O Telemóvel: O Símbolo da Presença e da Ausência


 Olho para ele na palma da mão. Parece murmurar, convidando-me a aceder ao seu interior – a ler, a ver, a procurar. Lá dentro, encontro pedaços do meu mundo e do mundo dos outros. O telemóvel, tão simples na sua aparência, é muito mais do que metal e vidro. É uma porta para o "além", um elo que ultrapassa o tempo e o espaço. No seu brilho frio, enxergo o reflexo da humanidade: fragmentada, conectada, mas tantas vezes perdida.

É estranho sermos tão dependentes deste pequeno objeto. Que necessidade é esta de estarmos quase sempre agarrados ao telemóvel? Será porque ele guarda, em silêncio, vozes de quem está longe? Porque conserva memórias cristalizadas em fotografias ou segredos escondidos em mensagens nunca enviadas? Ele é, ao mesmo tempo, símbolo de intimidade e de distância. Aproxima o que está longe, mas afasta o que está perto.

Será que ele nos ajuda a combater a solidão? Será uma resposta aos medos e frustrações que ainda não superámos?
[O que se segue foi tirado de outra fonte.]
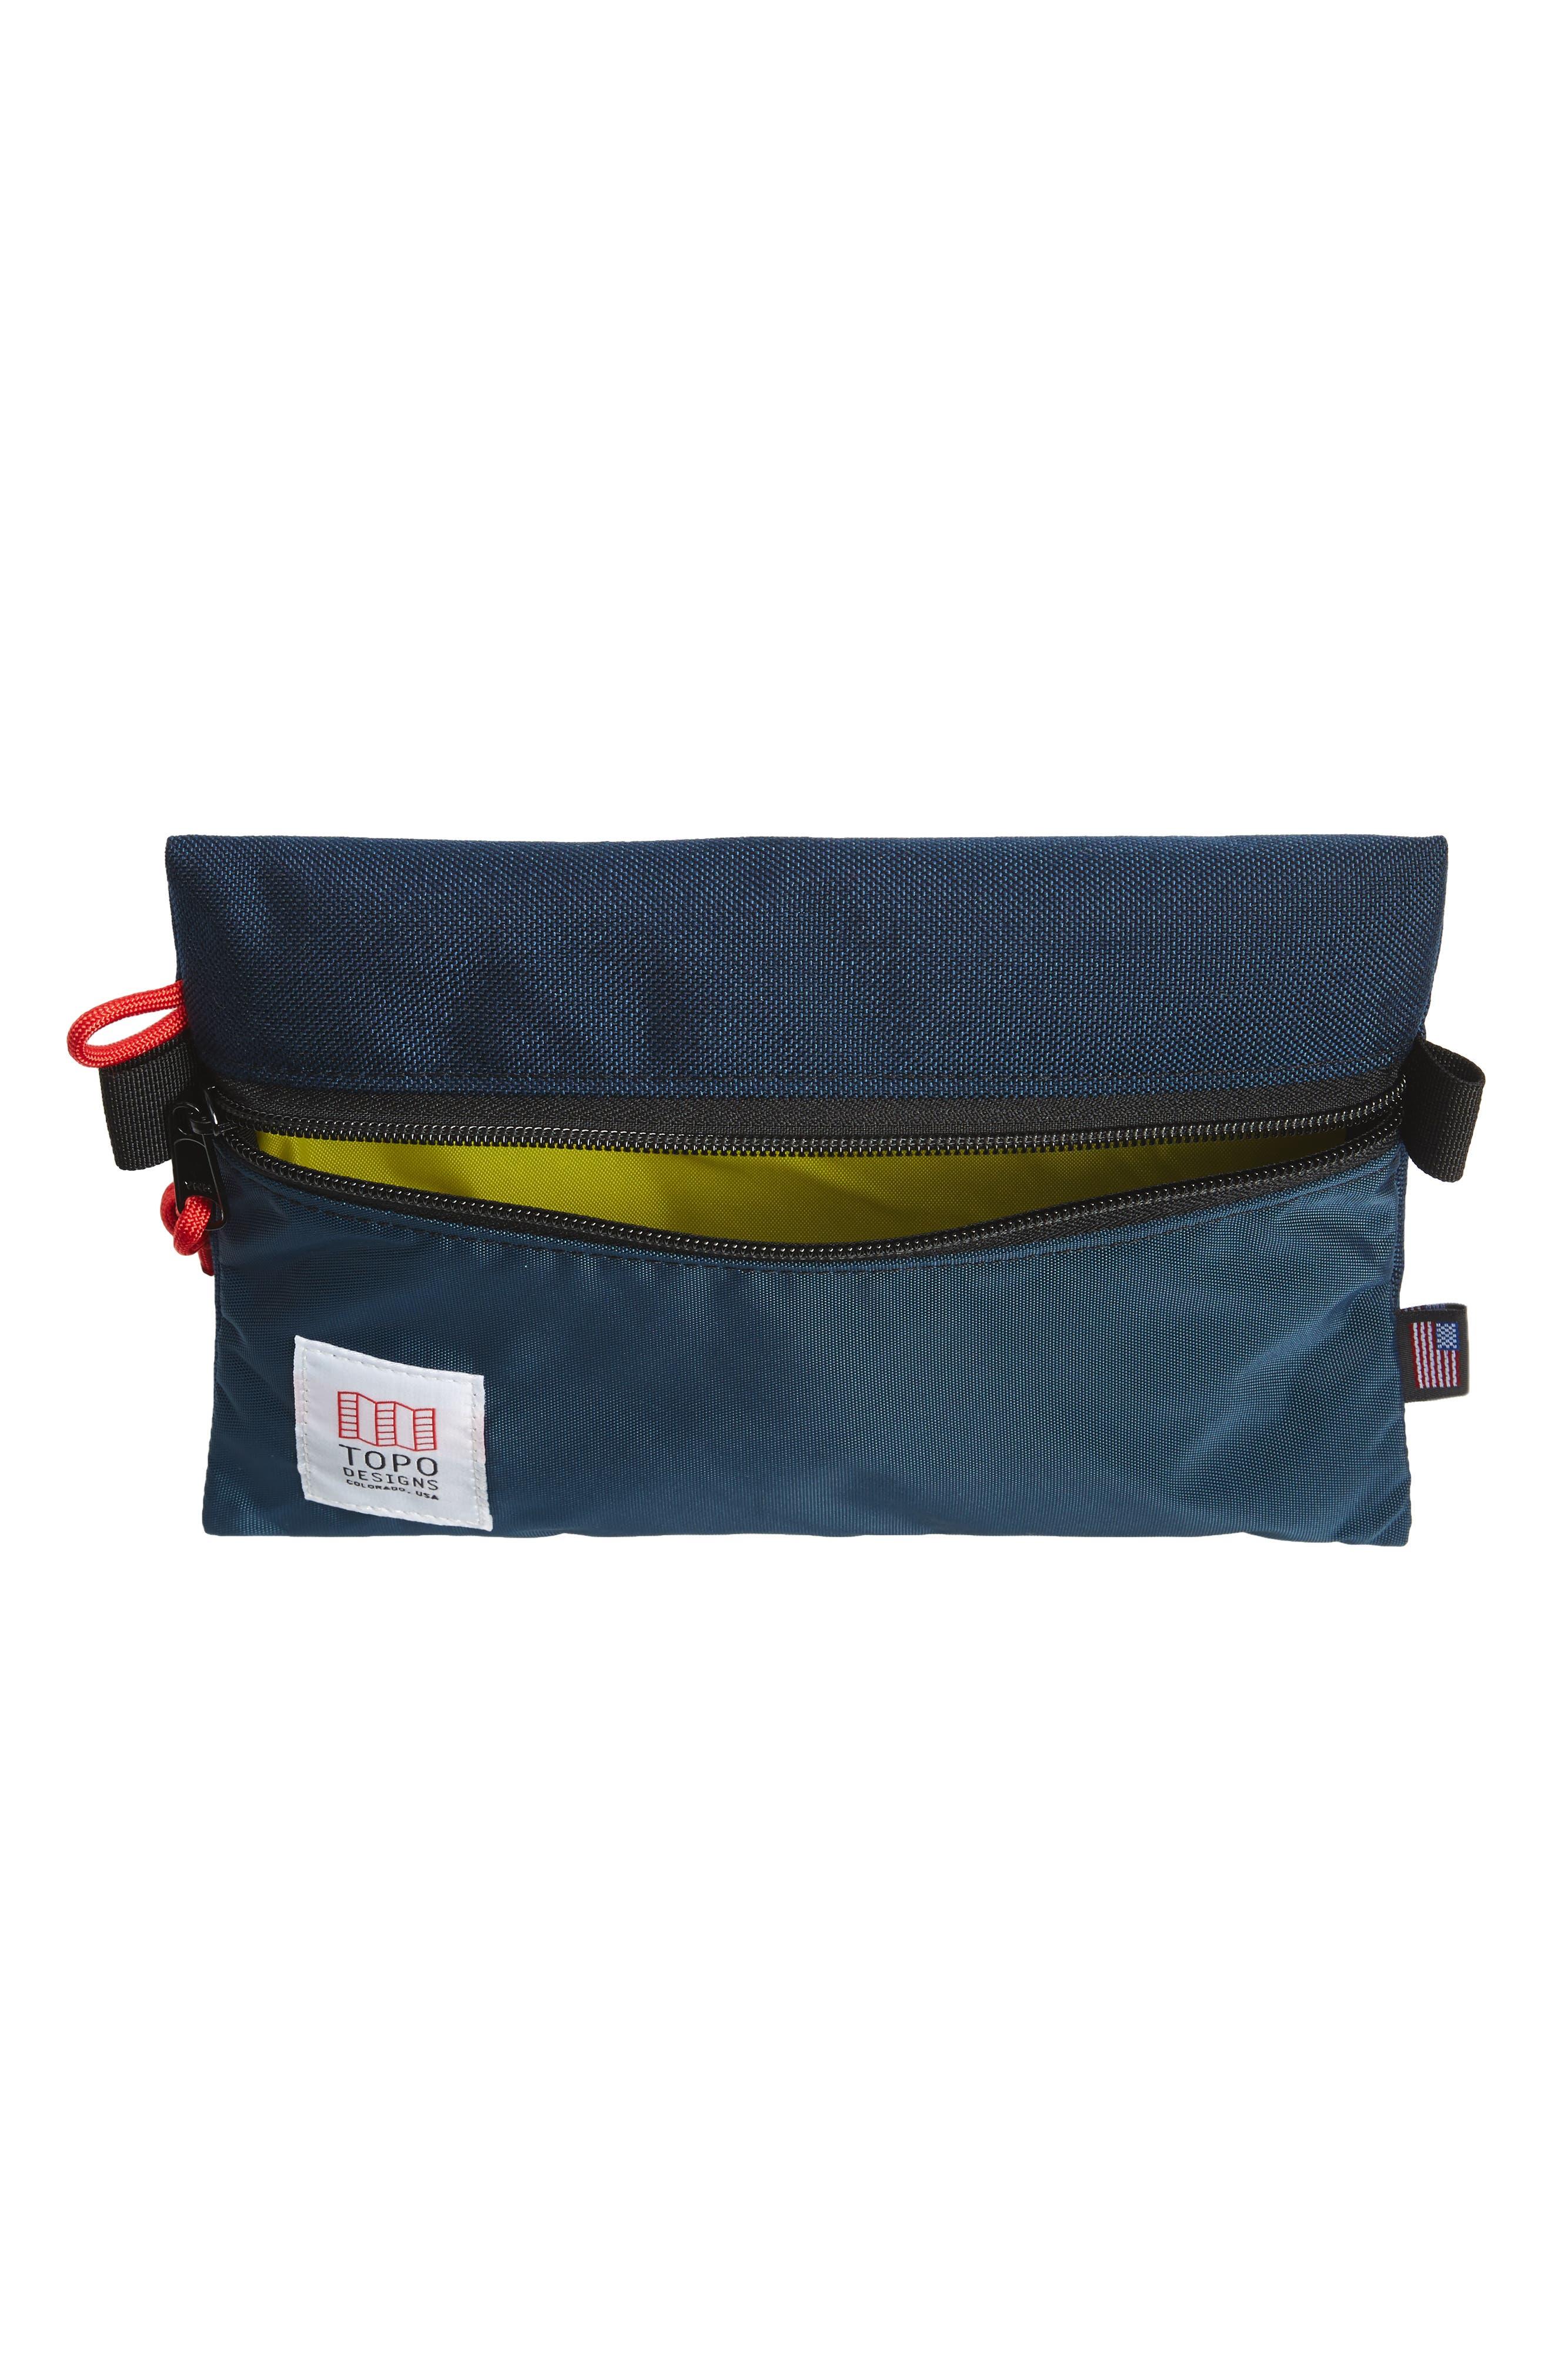 Alternate Image 3  - TopoDesigns Accessory Bag

Se recuarmos no tempo, lembramo-nos de quando éramos crianças. Não tínhamos já essa necessidade de ter sempre connosco um objeto de conforto? A chupeta que não largávamos, a fraldinha que nos acariciava, o peluche com o qual dormíamos todas as noites – não seriam eles os equivalentes de hoje? Agora, o telemóvel cumpre um papel semelhante: uma companhia constante, um elo de ligação ao afeto, uma porta para as relações, uma promessa de acesso fácil ao que desejamos.

Talvez seja mais do que isso. Ele satisfaz a ânsia de conhecer o mundo, ainda que apenas virtualmente. Dá-nos a ilusão de presença e proximidade, mesmo quando estamos sós. Contudo, ao mesmo tempo, força-nos a questionar até que ponto a sua presença preenche ou esvazia.

Será este pequeno objeto apenas uma ferramenta ou um reflexo de quem somos? Uma extensão do nosso desejo de conexão e, paradoxalmente, do nosso medo de encarar o silêncio, a solidão e até nós mesmos?

Tal como o peluche ou a chupeta de outrora, o telemóvel simboliza as nossas fragilidades e necessidades mais profundas. Ele é o símbolo da busca incessante por algo que nos complete, mesmo que esse algo continue fora do nosso alcance.